I'm currently studying encryption and I was coming up with ways of reversing the nibbles of a byte (ex. 0xF5 => 0x5F). I came up with this solution:
byte >> 4 | (byte & 0x0F) << 4
Other solutions I found online were similar, but added one extra operand by masking the left nibble of a byte:
(byte & 0xF0) >> 4 | (byte & 0x0F) << 4
In binary, the second solution looks like this:
# Extract the right nibble of a byte and shift to the left
[0xF5] 1111 0101 # Original Value
[0x0F] 0000 1111 & # Mask Right Nibble
[0x05] 0000 0101 = # Extracted Right Nibble
[0x50] 1010 0000 << 4 # Shift Four Bits to the Left
# Extract the left nibble of a byte and shift to the right
[0xF5] 1111 0101 # Original Value
[0xF0] 1111 0000 & # Mask Left Nibble
[0xF0] 1111 0000 = # Extracted Left Nibble
[0x0F] 0000 1111 >> 4 # Shift Four Bits to the Right
# Combine the shifted nibbles together
[0x05] 0000 1111 # Left Nibble Shifted to the Right
[0xF0] 0101 0000 | # Right Nibble Shifted to the Left
[0xF5] 0101 1111 = # New Value
Correct me if I'm wrong, but the second solution is useful if you're dealing with a data type that is larger than one byte and are solely focused on the least significant byte. So if you were to shift without masking, the bits from the higher-ordered bytes will propagate into the left nibble. Thus, masking the left nibble is necessary in regards to that scenario.

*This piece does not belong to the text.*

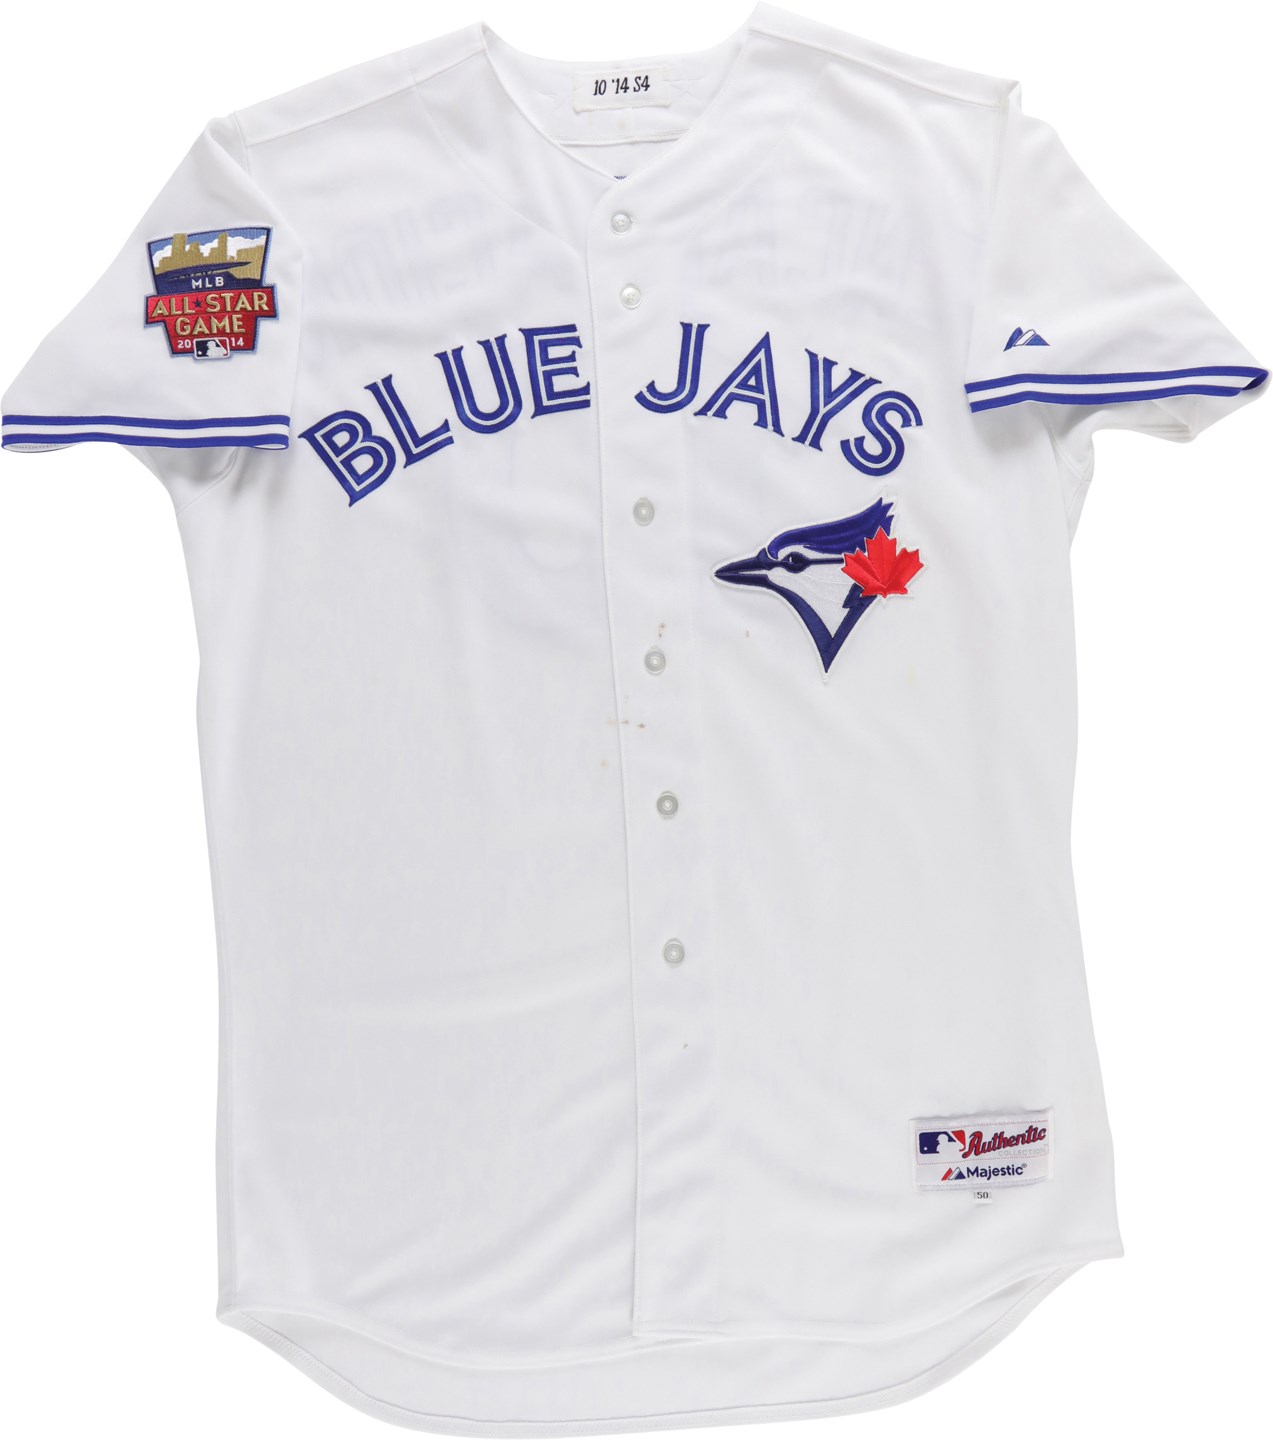 Baseball Equipment - 2014 Edwin Encarnacion "All Star" Toronto Blue Jays Signed Game Jersey
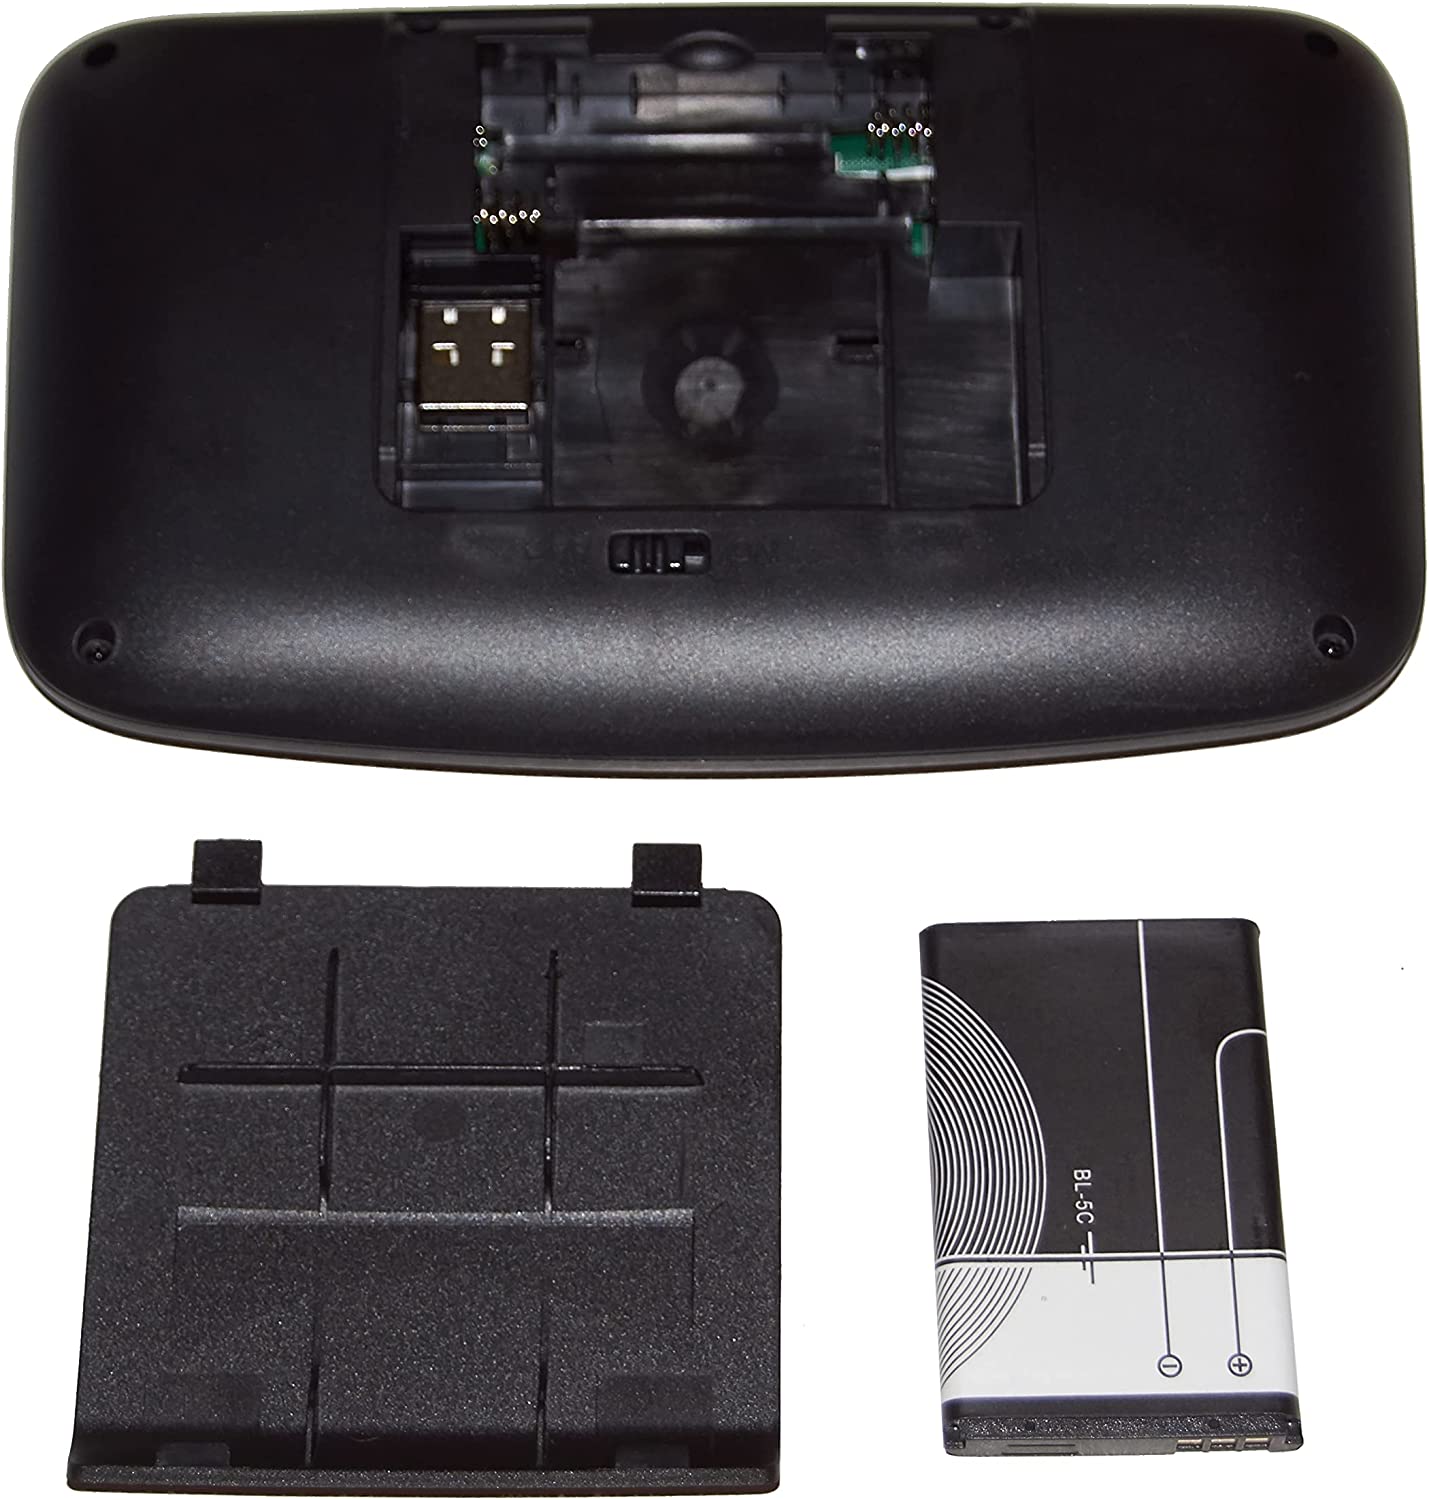 Mini teclado inalámbrico con touchpad - Paquete de 10 unidades

# Bits shift into the least significant byte without masking
[0x0AF5] 0000 1010 1111 0101
[0x00AF] 0000 0000 1010 1111 >> 4
On the other hand, if you're truly working with one byte, isn't masking the left nibble redundant as the left nibble bits will get zeroed out after right-shifting four bits?
[0xF5] 1111 0101
[0x0F] 0000 1111 >> 4
Maybe there are other reasons to mask the left nibble bits that I'm unaware of. For example, other systems might behave differently where the second solution is necessary.
Do I have my head in the right place or is there anything I should consider?
Here is an example code for further clarification:
typedef uint8_t byte;
static inline
byte swap_nibbles(byte bits) {
return bits >> 4 | (bits & 0x0F) << 4;
}
You do not show the definition of byte. If it has a signed eight-bit integer, then this code:
signed char byte = -111; /* 0x91 */
printf("0x%hhX\n", byte);
byte = byte >> 4 | (byte & 0x0F) << 4;
printf("0x%hhX\n", byte);
prints, in many C implementations:
0x91 0xF9
Although byte initially contains the bits 9116, in byte >> 4, it is promoted to int. Since those bits represent the value −111, this produces an int with that value, which is, with a four-byte int, FFFFFF9116. Then >> 4 produces FFFFFF916. (This is implementation-defined.) ORing this with the 1016 from the right side of the | produces FFFFFF916, and then assigning that to byte converts it to signed char. That is implementation-defined, but the most common result is to wrap modulo 256, producing the bits F916, representing the value −7.
In contrast, using byte = (byte &0xF0) >> 4 | (byte & 0x0F) << 4; prints:
0x91 0x19
However, if byte has an unsigned eight-bit integer type, then the promotion to int is not a problem, as int has enough headroom to hold the values in these expressions without running into sign or overflow issues.
Modern compilers may be heavily optimized for bit-twiddling operations, so it is likely either of these expressions will be well optimized for the target architecture. Your first concern should be correctness.